Tuesday, August 30, 2011

MySQL: Fun with MySQL query logs

The MySQL "general query log" is very useful for situations where you're trying to figure out and improve or debug a large, complex app. The problem we often run into is that Hibernate logs, JBOSS logs, or other app-level logs miss queries or don't put constant data into queries, or the app itself has a bug in it that results in queries not being logged correctly or at all.
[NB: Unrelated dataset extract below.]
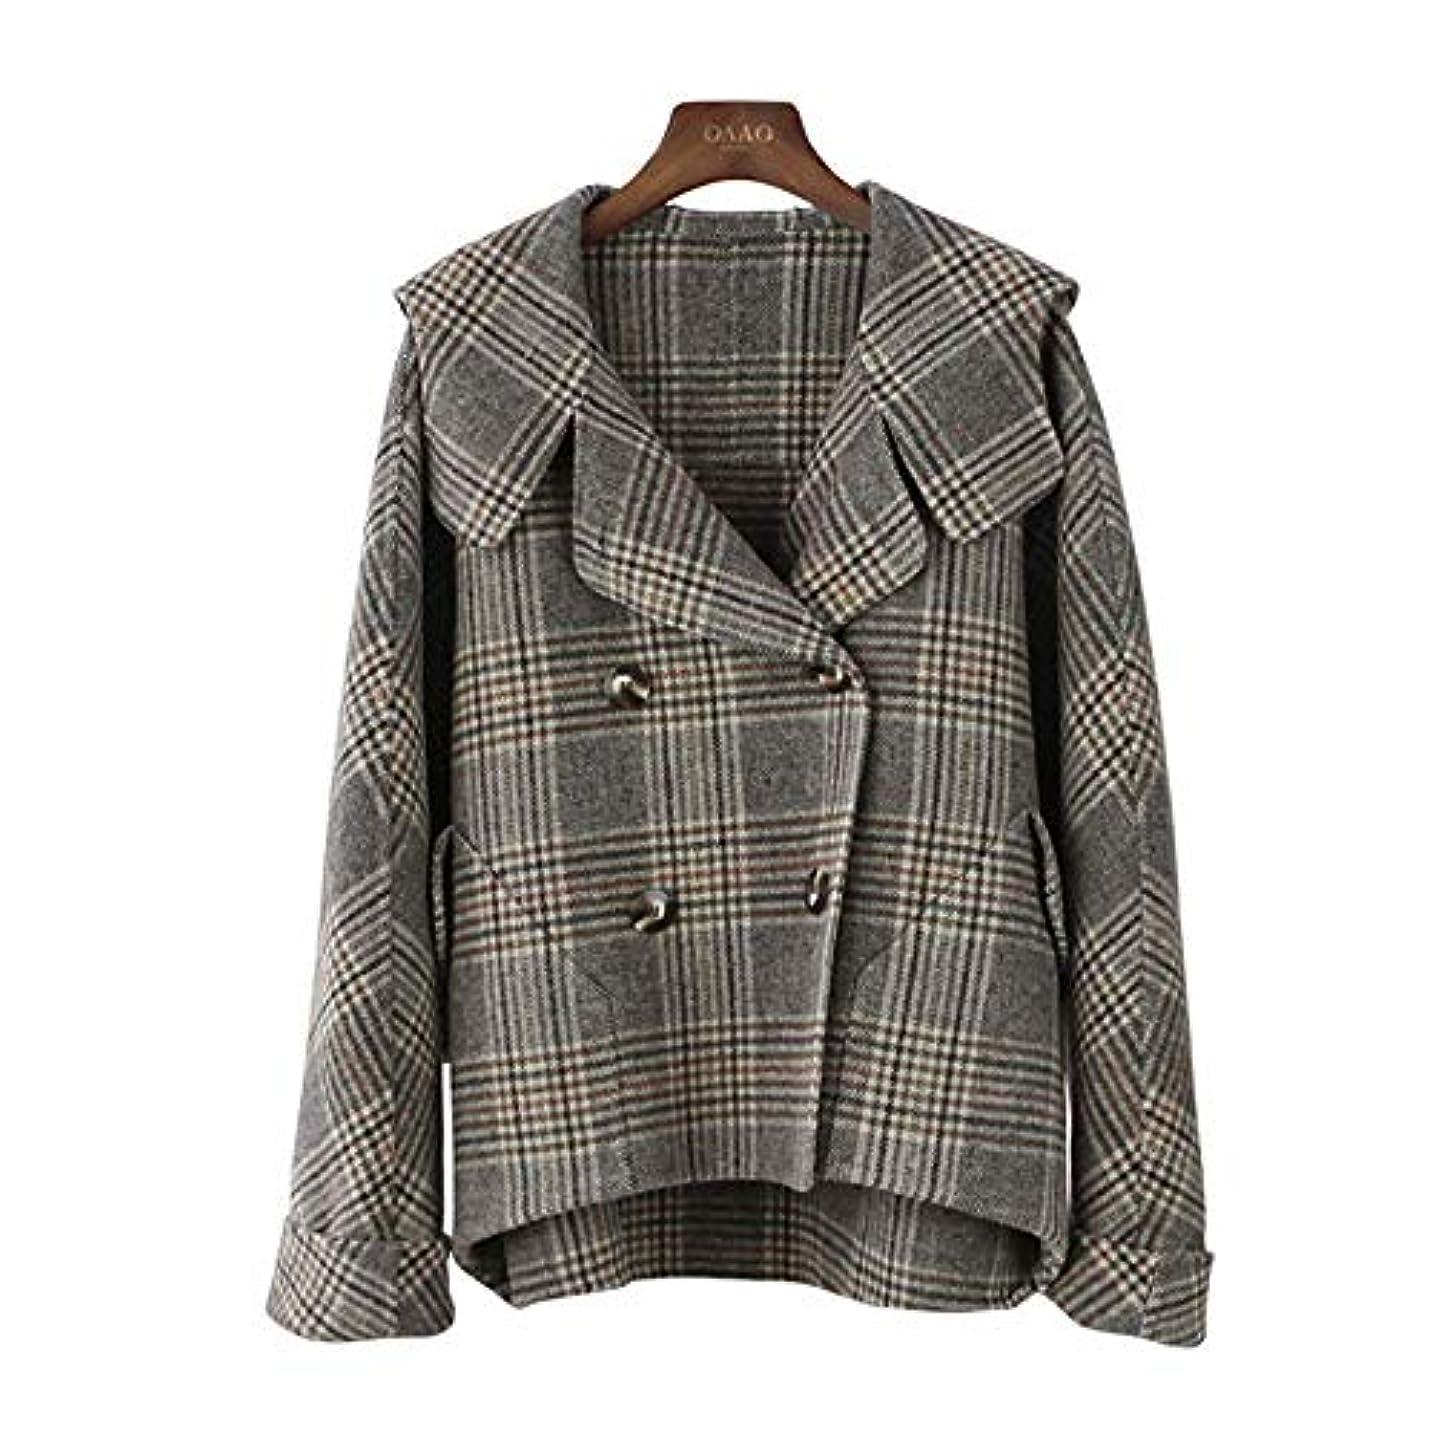 旅行者混沌認識カシミヤのコート、秋と冬の新しいコート両面ウールのコートのフード付きのバットスリーブチェック柄コートウールコート,M

On the other hand, MySQL's "general query log" captures all queries sent to the server when the

general_log

system variable is set to 'ON'. A useful way to capture a particular application dialog is to run the app on a lightly-trafficked database instance, preferably an isolated test instance, enable the general log with

mysql> set global general_log = 'on';

quickly do your operation, and then disable the general log with

mysql> set global general_log = 'off';

After this, look at the log. It will have lines starting with a time, a connection ID, some sort of code indicating what happened, and the query text. Figure out which connection ID(s) are interesting, use "grep" on the log to get the lines belonging to the connection IDs of interest, and redirect this output into a SQL file. This can then be edited down to the actual queries (if you remember to put a semicolon at the end of every line), and you can make a simple script that can be run using mysql's shell-level tools.

These are very useful for debugging, benchmarking of the database accesses done by web or GUI-driven applications, or other SQL-based testing.